What We Should Actually Be Demanding
The fear of AI-driven unemployment is understandable in the same way the Luddites’ fear was understandable—it correctly identifies a real disruption and then draws the wrong political conclusion from it. The Luddites wanted to smash the looms. Today’s equivalent is calling for AI licensing regimes, mandatory impact assessments, compute restrictions, and liability frameworks designed by incumbents to freeze the current hierarchy in place. These policies won’t slow the disruption, they will determine who profits from it.

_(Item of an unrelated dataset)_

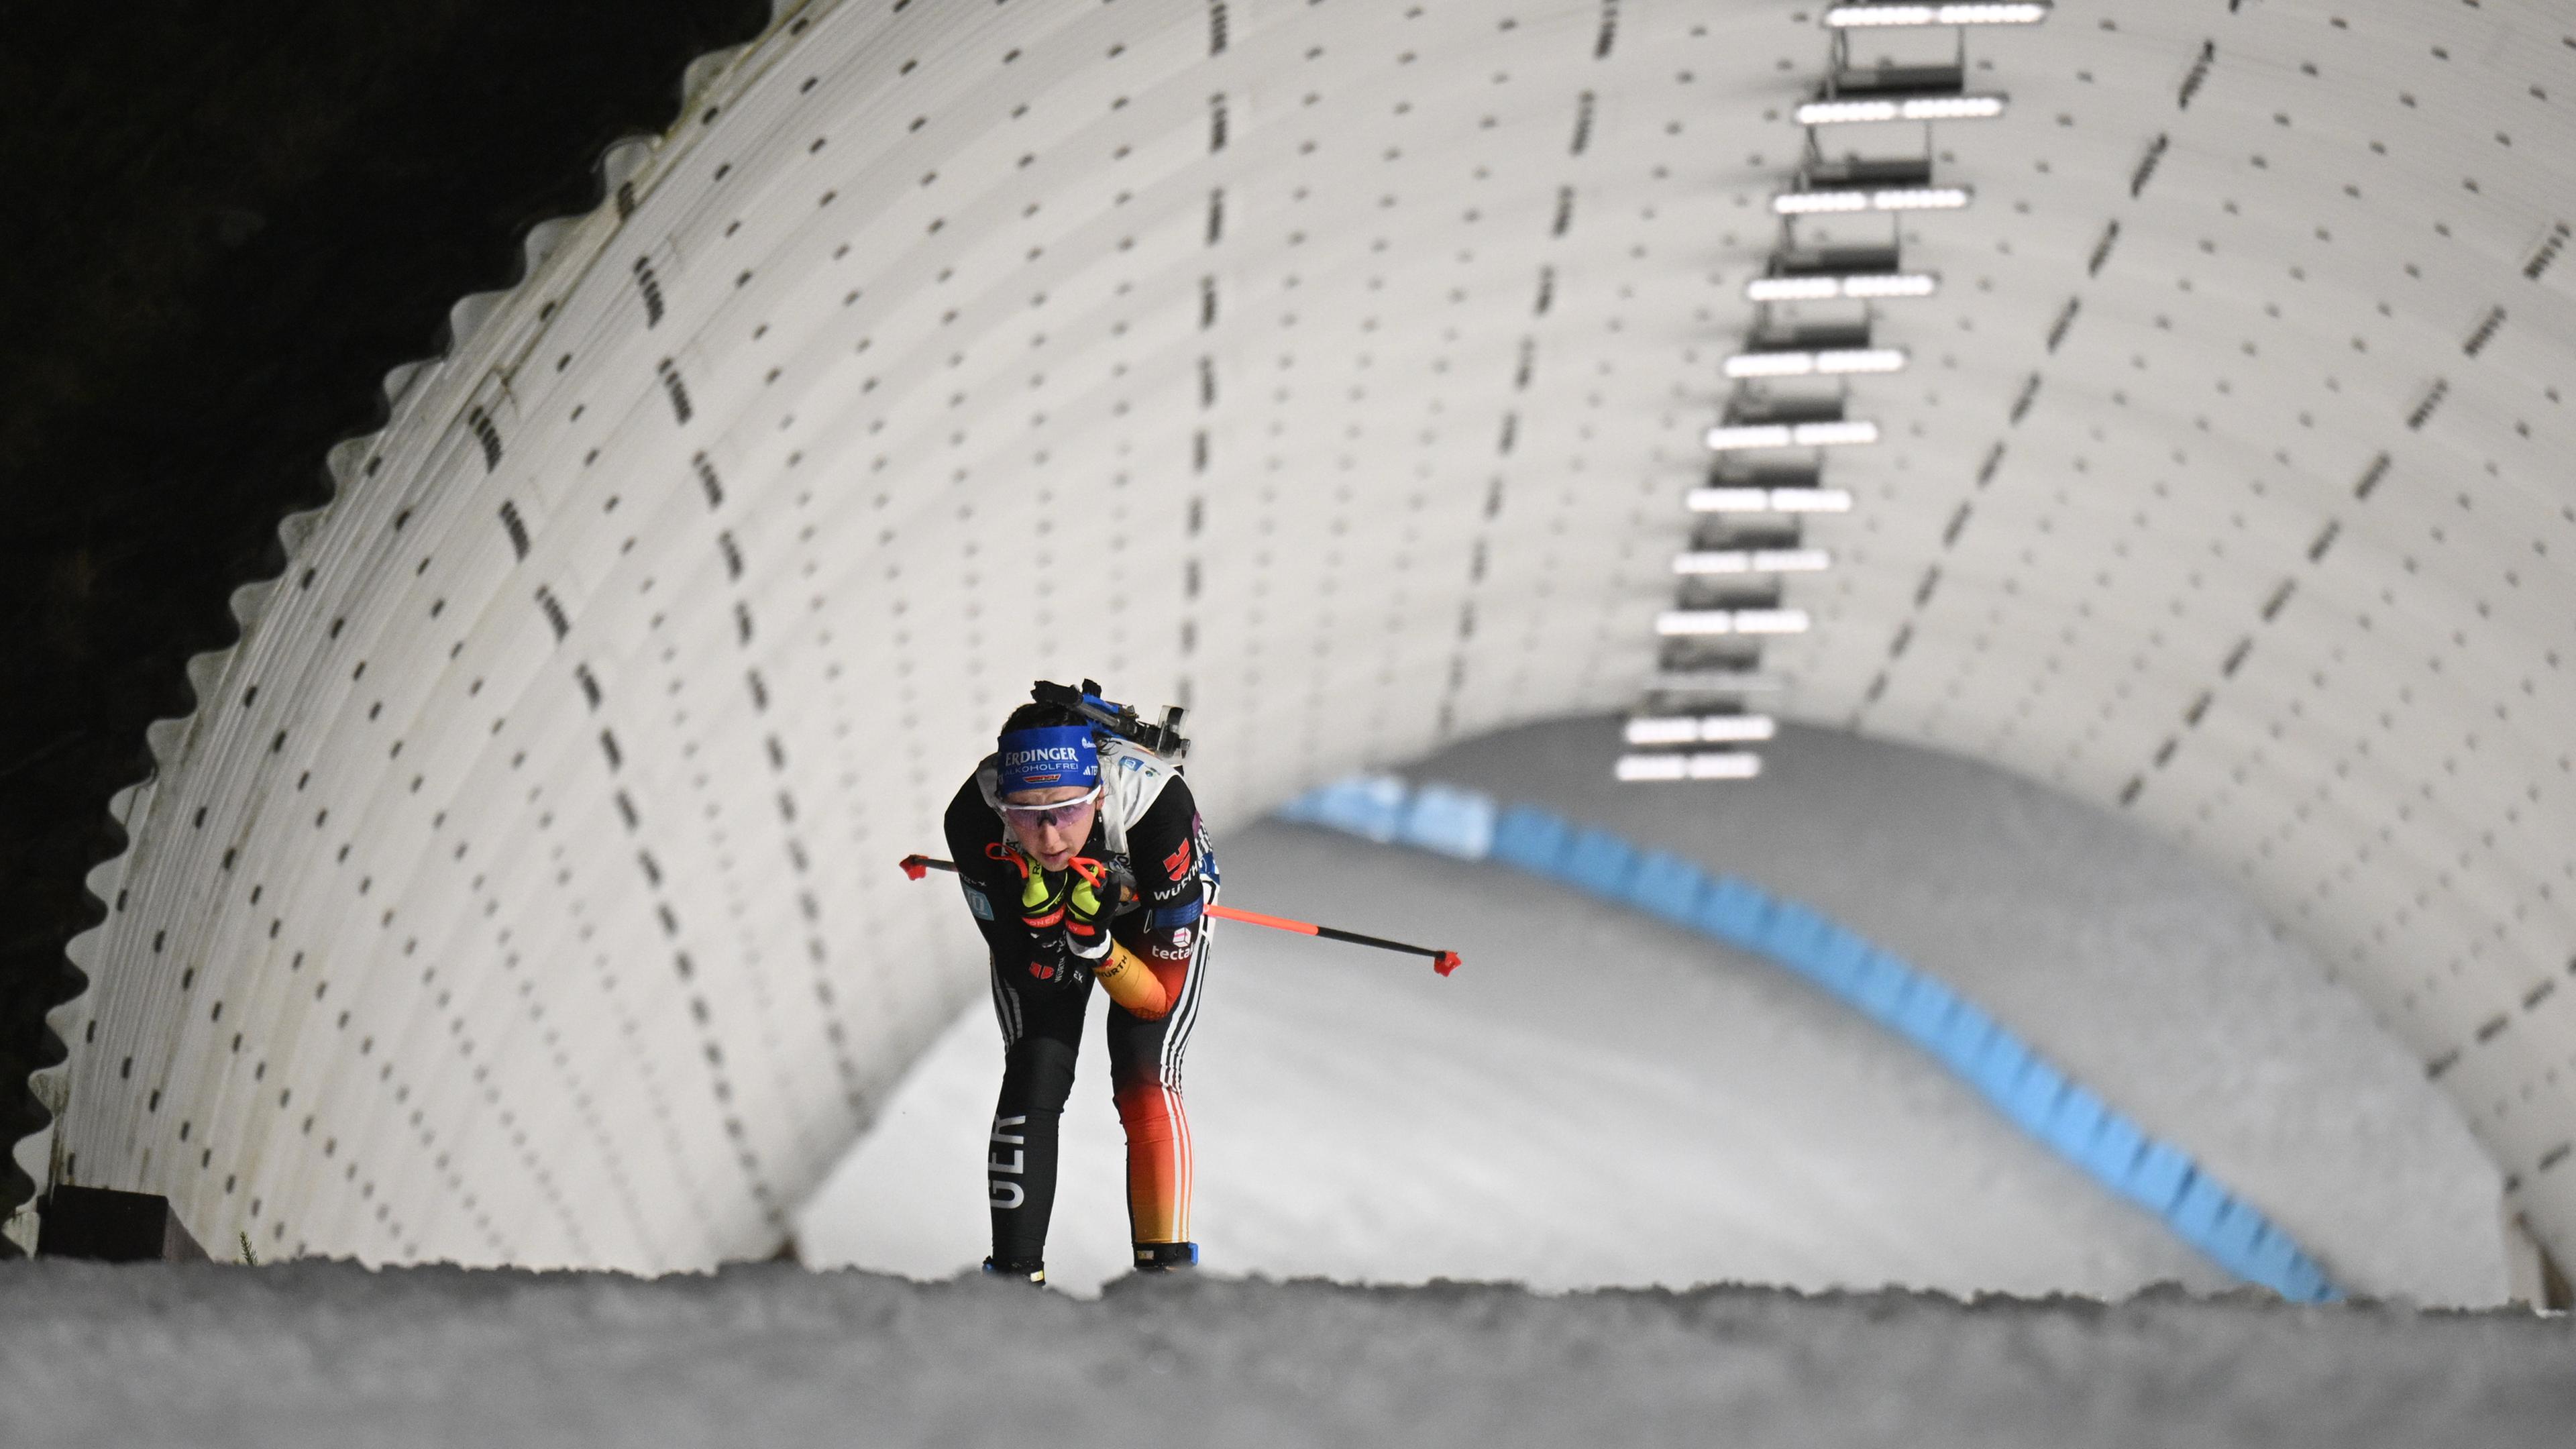 Nove Mesto Na Morave, Biathlon-Weltmeisterschaft, Mixed-Staffel: Franziska Preuß fährt aus einem Skitunnel heraus.

The alternative is not naïve optimism about markets solving everything painlessly. The transition will have real costs, and some of them will fall on people who don’t have the resources to absorb them easily. However, the answer is not to restrict the technology; it is to remove every other barrier that prevents people from adapting. Occupational licensing laws that prevent workers from moving into new fields. Credentialing monopolies that gatekeep entire professions. Zoning and housing regulations prevent people from moving to where new opportunities are emerging. These are the friction points at which political intervention makes people worse off during a technological transition, and they are the issues worth fighting.
Beyond that, open-source AI development deserves aggressive defense, not as a techie preference but as a matter of economic freedom. Concentrated, proprietary, state-adjacent ASI is the scenario that should keep people up at night. Distributed, competitive, accessible ASI—the kind that lets a small entrepreneur in Budapest or Bangalore build something that competes with a Silicon Valley incumbent—is the scenario where Say’s Law gets to do its work, where the new purchasing power gets created and the new industries get discovered and the new roles for human labor emerge from the bottom up rather than being assigned from the top down.
The machine isn’t the threat, but the cage around the machine is. And right now, the people most loudly warning about the danger of AI are the ones most actively building the cage.